The researchers’ “shoddy” work just parrots the tobacco industry’s attempt to portray anti-smoking efforts as an attack on individuals, said Garfield Mahood of the Non-Smokers Rights Association.

“What they’ve done with this paper is mischievous and careless and ill-informed,” he said. “These people … have simply bought into the tobacco industry’s mischief.”

The paper and further research yet to be published by Ms. Bell and colleagues was supported by a grant from the ethics branch of the Canadian Institute for Health Research.

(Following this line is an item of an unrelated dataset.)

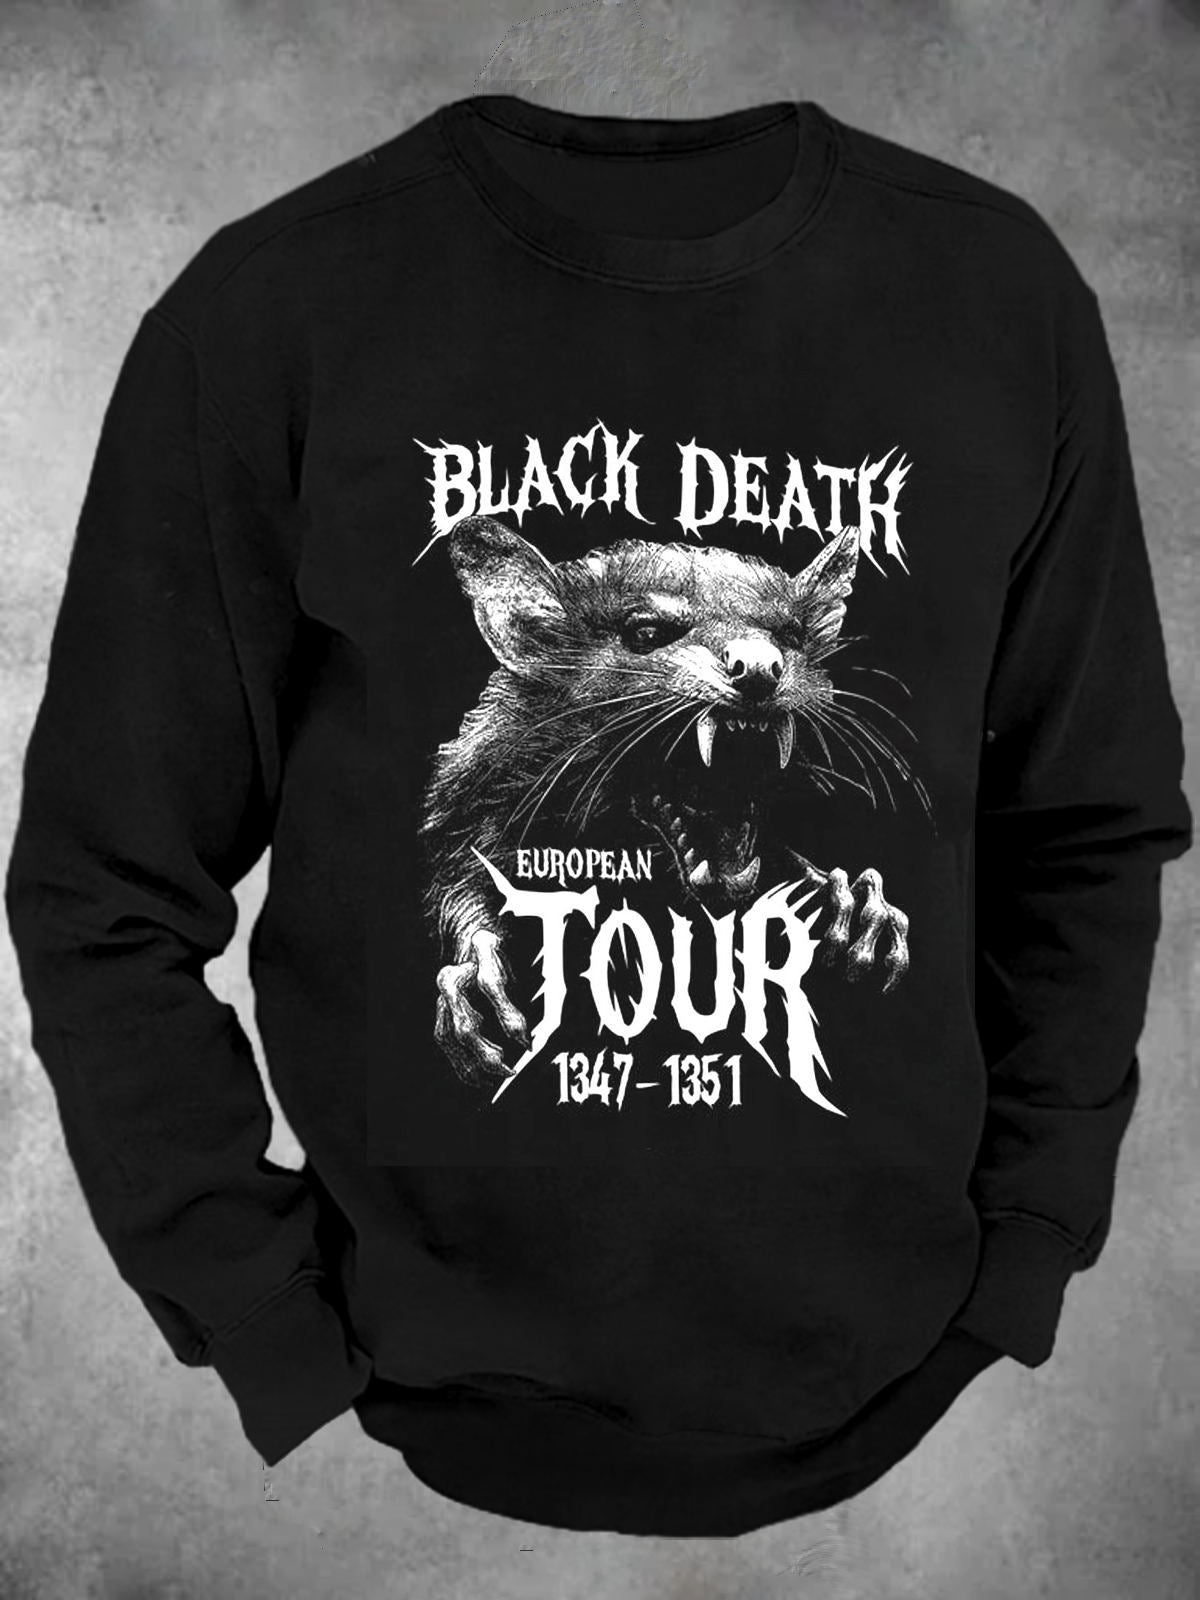 Black Death European Tour Crew Neck Long Sleeve Men's Top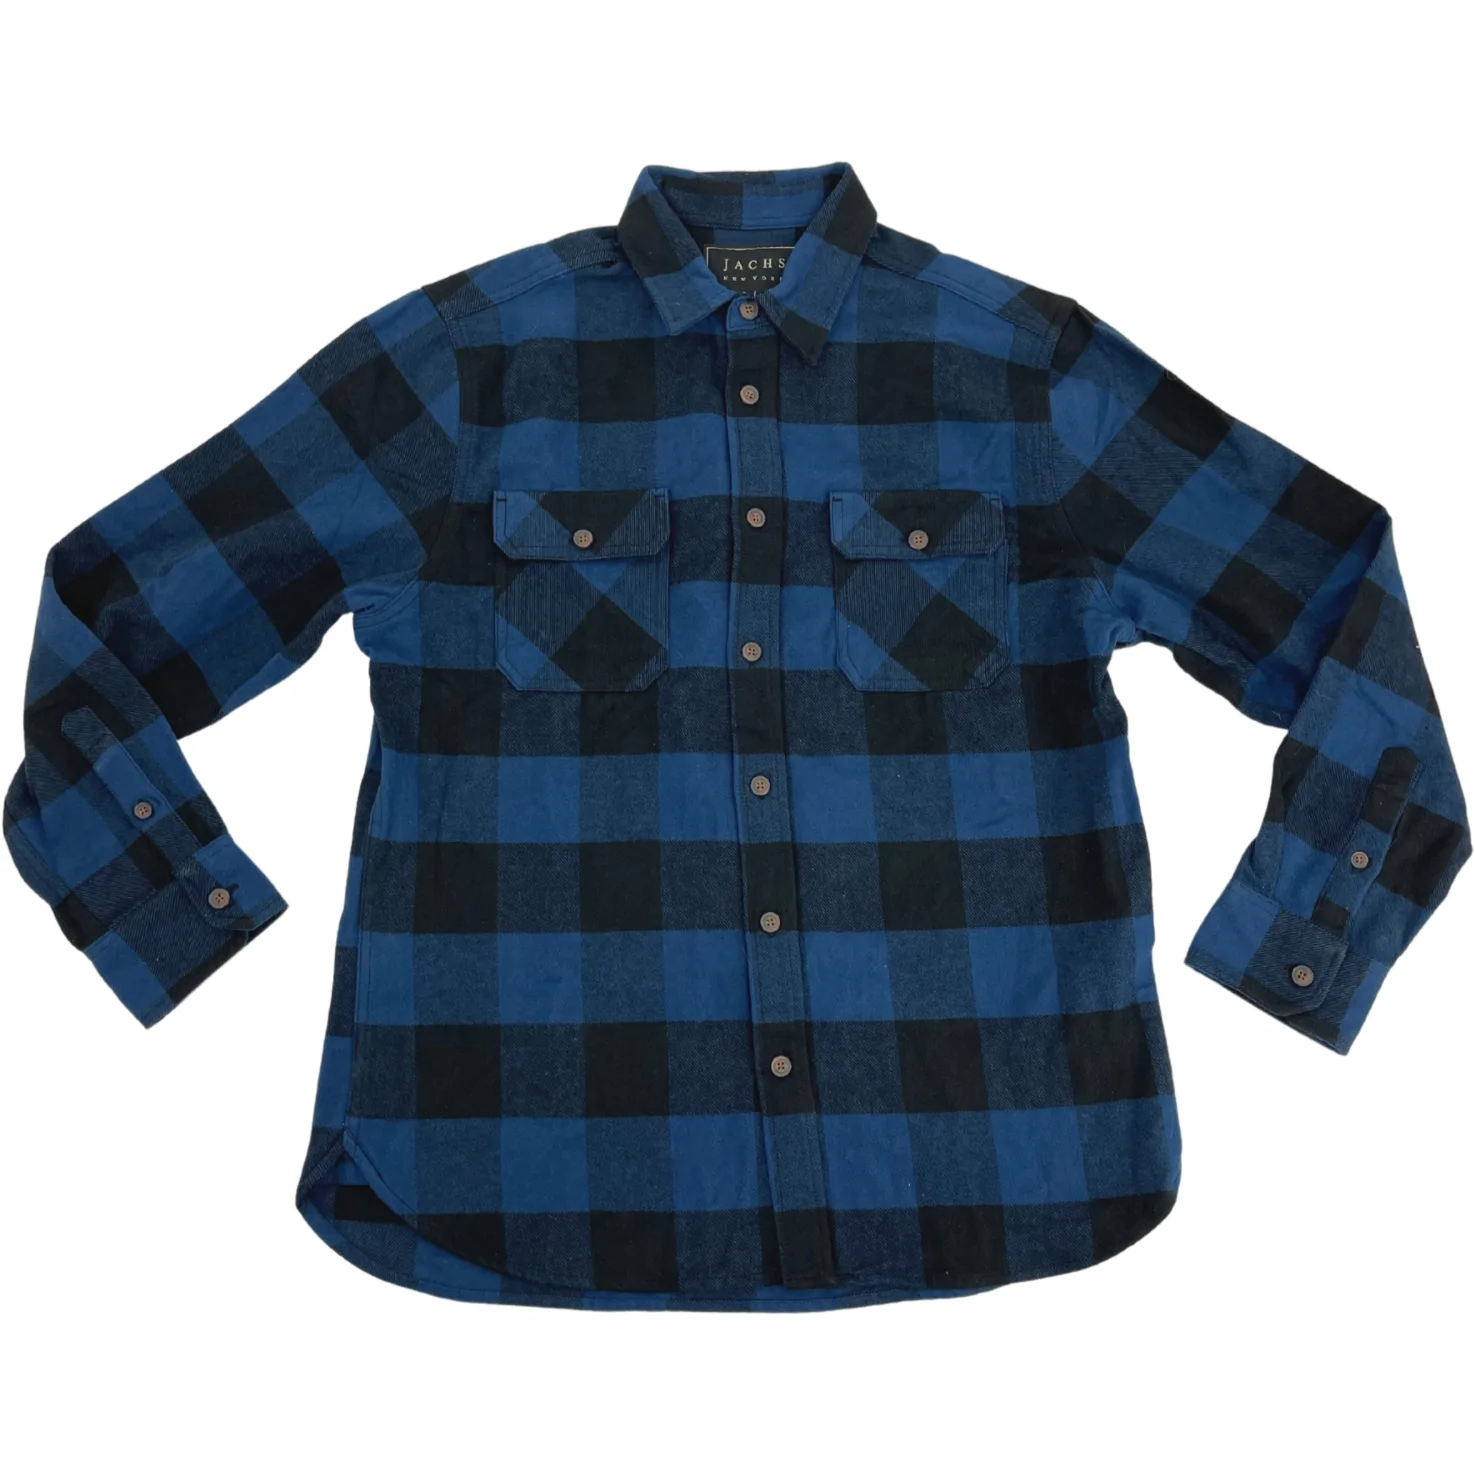 Jachs Men's Long Sleeve Shirt / Blue & Black Plaid / Size Large

Their work looks at a range of anti-smoking measures they contend have “de-normalized” smoking and smokers themselves. Those include restrictions on where people can light up, bans on convenience-store “power walls” and other limits on tobacco sales, publicity campaigns to deter smoking, and graphic warnings on cigarette packages.

Such programs have generally been hailed as a public-health triumph, with smoking rates plummeting to about 20% in Canada from 50% in the 1960s, according to the most recent federal statistics.

Intentionally or not, though, such policies have also stigmatized the remaining smokers, with various potentially negative impacts, the paper argues. It cites anecdotal reports of surgeons and other doctors refusing to treat cancer patients who smoke heavily. As many as one in four doctors who responded to a 2005 Canadian Lung Association survey admitted to providing lesser care to smokers. A University of Washington survey published last year found just under one in 10 smokers hid their tobacco use from doctors, often because of stigma.

 

 

In a survey of 25 smokers and ex-smokers soon to be published by the UBC group, respondents talked of being refused access to city buses after they were spotted smoking at a bus stop, harassed by strangers in public and otherwise treated as pariahs. “You really are labelled as a bad person if you smoke,” said one person.

Ms. Bell, whose work focuses on tobacco and cancer, said her interest was piqued by what she sees as the contrast between how smokers are treated, and the non-judgmental, “harm-reduction” approach now widely applied by public health to people with other addictions. Illicit injection-drug users, for instance, often have access to needle exchanges and, in Vancouver, a safe-injection site, all designed to curb the spread of HIV and other infectious diseases, and to keep them in touch with public-health officials.

Tobacco policies also now disproportionately affect the poor, the paper argues, as smoking rates are almost twice as high among low-income Canadians as among the highest-income group.

Katherine Frohlich, a public-health expert at the University of Montreal, said studies by her research group found that poorer smokers feel the policies have discriminated against them by, for instance, restricting their social interaction and isolating them at home.

“We shouldn’t dismiss the fact these interventions have been incredibly successful,” she said. “[But] we have to take into consideration the fact that there are some pretty serious unintended consequences.”

Cynthia Callard of the group Physicians for a Smoke-free Canada rejected the notion, however, that smoking is now a predominately low-income phenomenon. The rates may be higher among the poor, but the sheer numbers are still much larger in middle- and upper-income groups, she said.

“Soccer moms smoke significantly more than single Moms,” said Ms. Callard.

Mr. Mahood said the tobacco-control movement has not tried to stigmatize individual smokers, but argued it is positive that society now views smoking as unhealthy, rather than sexy and glamourous, as was the case just a few decades ago.